### Problem requirements:
Exactly the lines below starting at the line with "Hip Gunner Concealed" and ending at the line with "Education Secretary Betsy" are wanted, with both ends included. Leave out the pictures and add no other lines.

### Records for this exercise:
*** Begin section ***

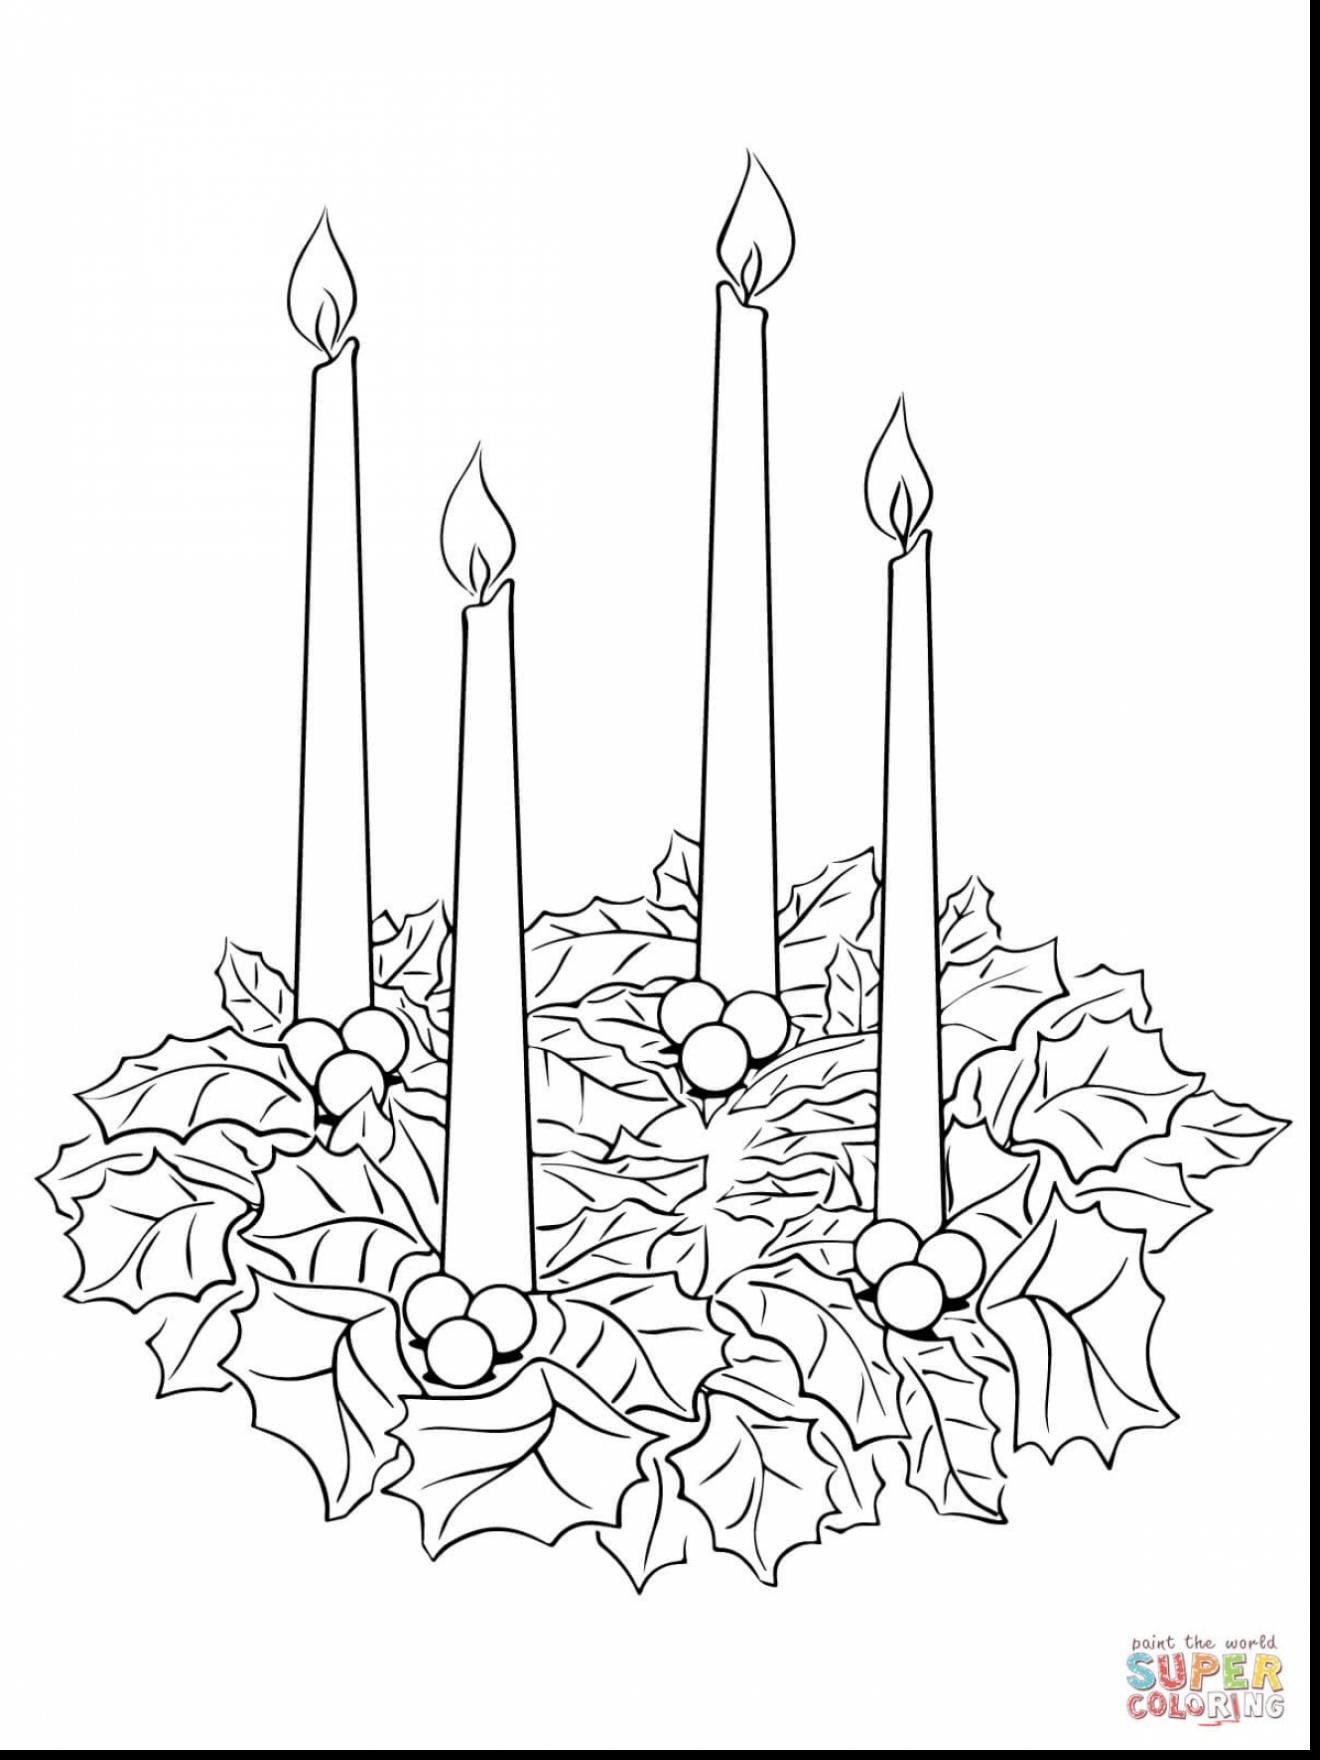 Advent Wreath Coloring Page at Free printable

*** End section ***
*** Begin section ***

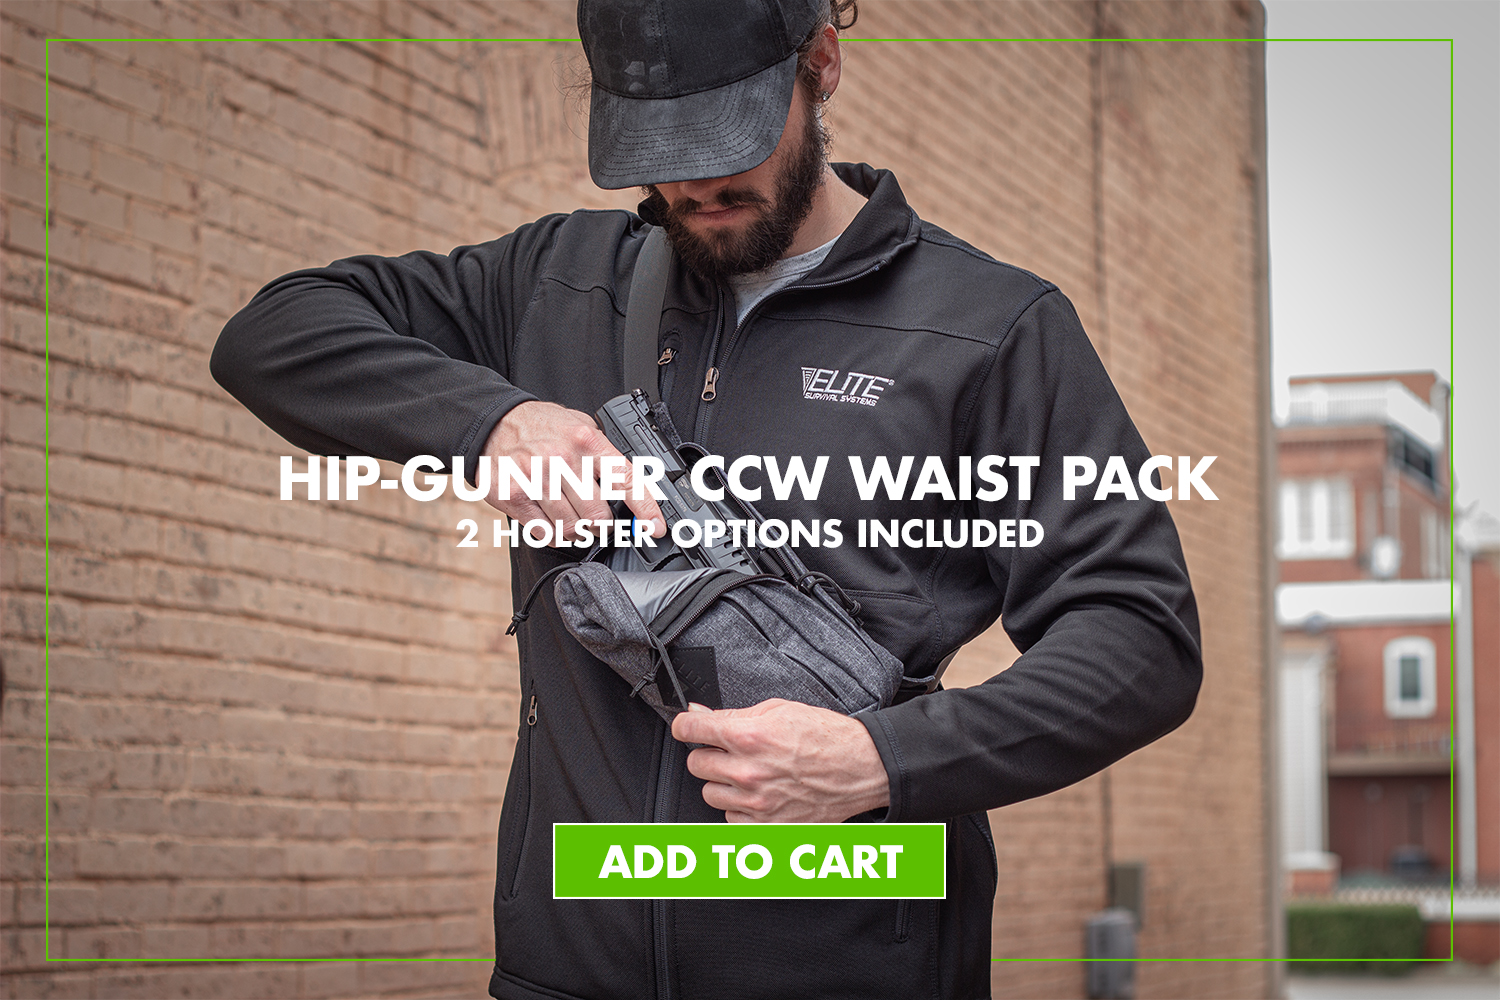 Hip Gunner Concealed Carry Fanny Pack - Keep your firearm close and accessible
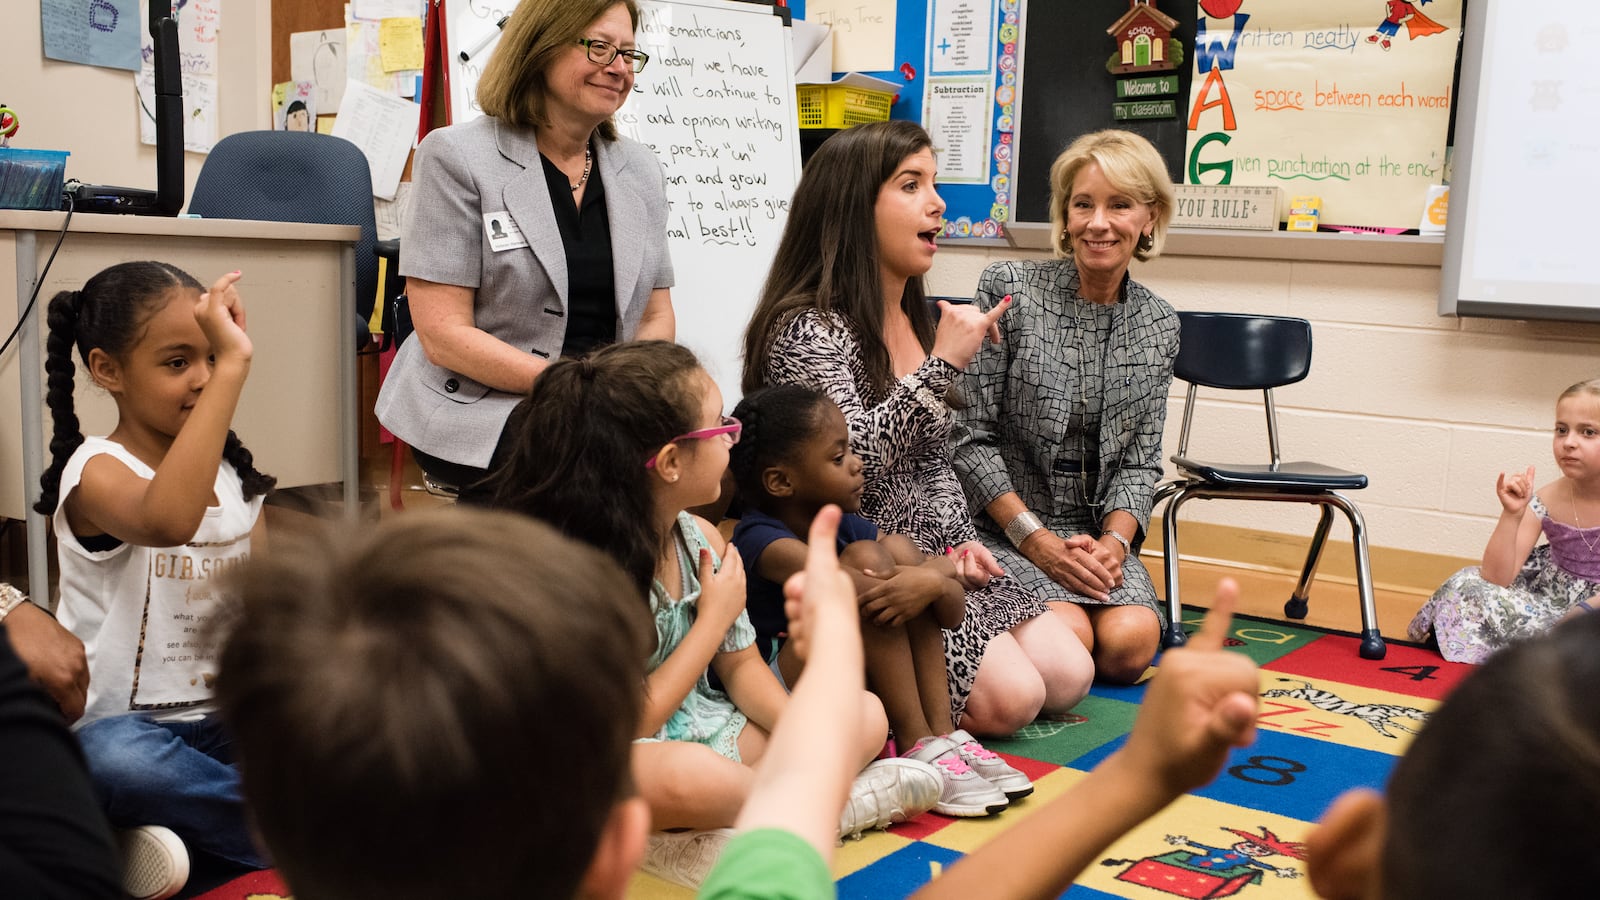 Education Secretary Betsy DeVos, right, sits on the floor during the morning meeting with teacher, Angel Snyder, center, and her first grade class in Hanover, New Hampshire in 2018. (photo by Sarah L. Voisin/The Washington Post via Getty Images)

*** End section ***

### Exercise output:
 Hip Gunner Concealed Carry Fanny Pack - Keep your firearm close and accessible
 Education Secretary Betsy DeVos, right, sits on the floor during the morning meeting with teacher, Angel Snyder, center, and her first grade class in Hanover, New Hampshire in 2018. (photo by Sarah L. Voisin/The Washington Post via Getty Images)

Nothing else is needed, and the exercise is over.